K-center聚类和K-means聚类类似，都是通过迭代类中心点直至收敛，不同的是K-center的中心点必须是一个真实的样本点，而K-means并不需要。

函数介绍

python">class Kmedoid:
    def __init__(self, data, k):
        self.data = data
        self.k = k

    def randCent(self):  # 随机选取一个点
        random_index = random.randint(0, self.data.shape[0]-1)
        return random_index, self.data[random_index, :]

    def distance(self, vecA, vecB):  # 计算曼哈顿距离
        return sum(abs(vecA - vecB))

    def run(self):
        init_centers = []  # 初始化中心的列表
        init_indexs = []  # 被选中作为中心的点的下标
        while len(init_centers) < self.k:
            index, center = self.randCent()
            if index not in init_indexs:  # 保证选点不重复
                init_centers.append(center)
                init_indexs.append(index)
            else:
                continue

        while True:
            cluster_category = []  # 记录聚类结果
            for i in range(self.data.shape[0]):  # 遍历每一个点
                minv = np.inf  # 最小距离，初始为正无穷
                cluster_index = 0  # 所属簇的下标
                for index, center in enumerate(init_centers):  # 遍历每个中心
                    # 选取离得最近的中心作为归属簇
                    dist = self.distance(center, self.data[i, :])
                    if dist < minv:
                        minv = dist
                        cluster_index = index
                cluster_category.append(cluster_index)

            # 重新计算中心点
            new_indexs = [0 for i in range(len(init_centers))]  # 更新被选中作为中心的点的下标
            min_dists = [np.inf for i in range(len(init_centers))]  # 中心点对应最小距离
            for i in range(self.data.shape[0]):
                min_dist = 0  # 求与当前簇其他点的距离之和
                for j in range(self.data.shape[0]):  # 遍历每一个点
                    if cluster_category[i] == cluster_category[j]:  # 属于同一个簇才进行累加
                        min_dist += self.distance(self.data[i, :], self.data[j, :])
                if min_dist < min_dists[cluster_category[i]]:  # 保存数据到列表
                    min_dists[cluster_category[i]] = min_dist
                    new_indexs[cluster_category[i]] = i

            init_centers = []  # 新的聚类中心
            for index in new_indexs:
                init_centers.append(self.data[index, :])

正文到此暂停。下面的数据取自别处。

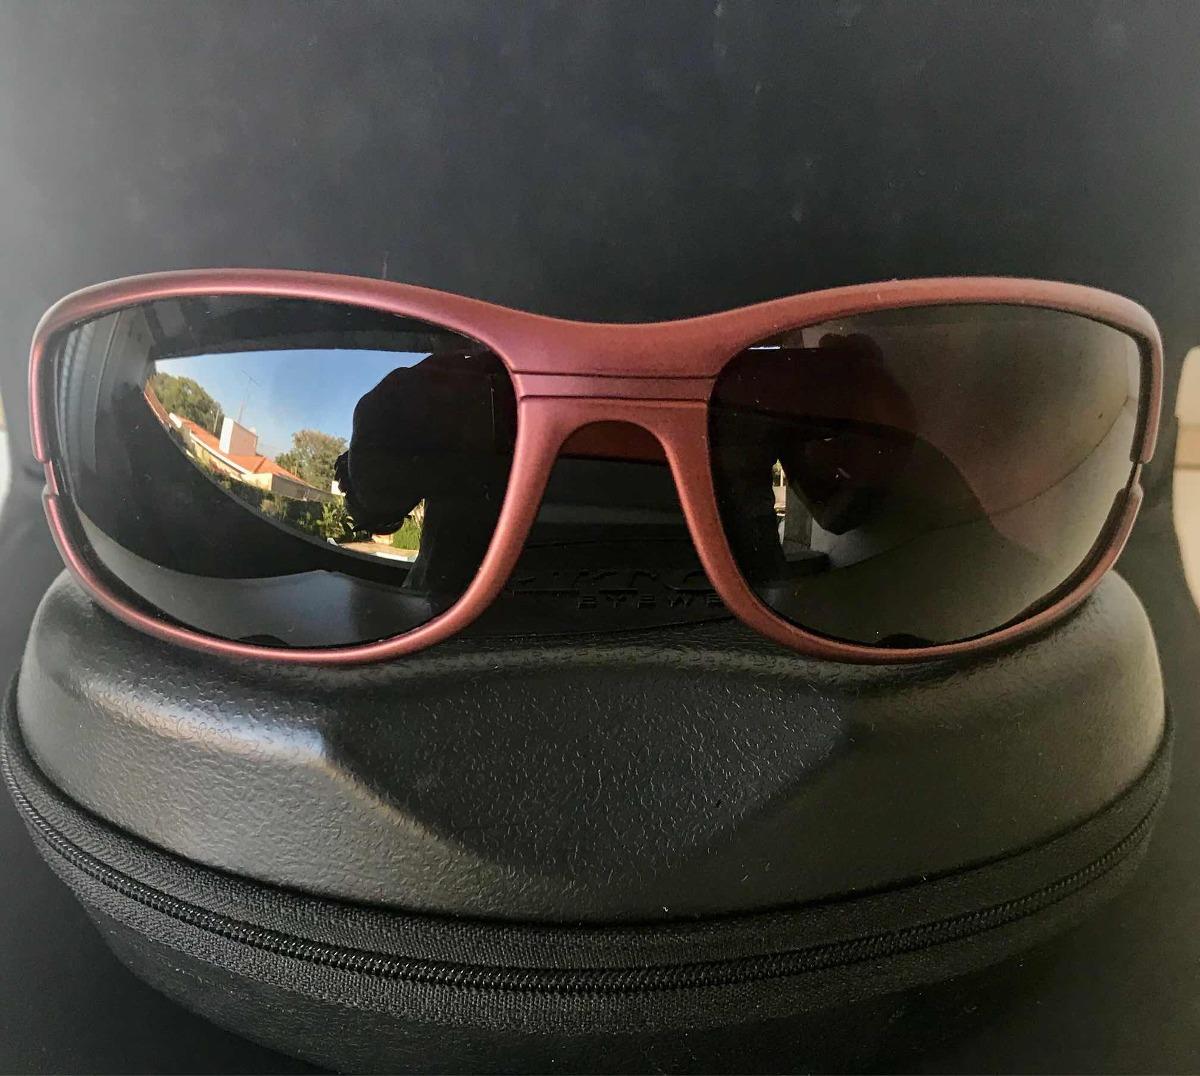 8eea1740b Óculos De Sol Triton Original - N É Oakley - R$ 50,00 em Mercado Livre

            if new_indexs == init_indexs:  # 如果新的中心与上次相同则结束循环
                return cluster_category, init_centers
            else:
                init_indexs = new_indexs  # 更新聚类中心下标

实例

python">import random
import numpy as np
from sklearn.datasets import make_blobs
from matplotlib import pyplot
import pandas as pd
import matplotlib.pyplot as plt
import matplotlib

ir = datasets.load_iris() 
y = ir.data[:, :4] # #表示我们取特征空间中的4个维度

model = Kmedoid(data=y, k=3)
cluster_category, init_centers=model.run()

dat=np.concatenate([y,np.array(cluster_category).reshape(-1,1)],axis=1)
columns=ir.feature_names
columns.append('result')

X=pd.DataFrame(dat,columns=columns)


# 绘制结果
x0 = X[X['result'] == 0]
x1 = X[X['result'] == 1]
x2 = X[X['result'] == 2]
plt.scatter(x0['sepal length (cm)'], x0['sepal width (cm)'], c="red", marker='o', label='label0') 
plt.scatter(x1['sepal length (cm)'], x1['sepal width (cm)'], c="green", marker='*', label='label1') 
plt.scatter(x2['sepal length (cm)'], x2['sepal width (cm)'], c="blue", marker='+', label='label2') 
plt.xlabel('sepal length') 
plt.ylabel('sepal width') 
plt.legend(loc=2) 
plt.show()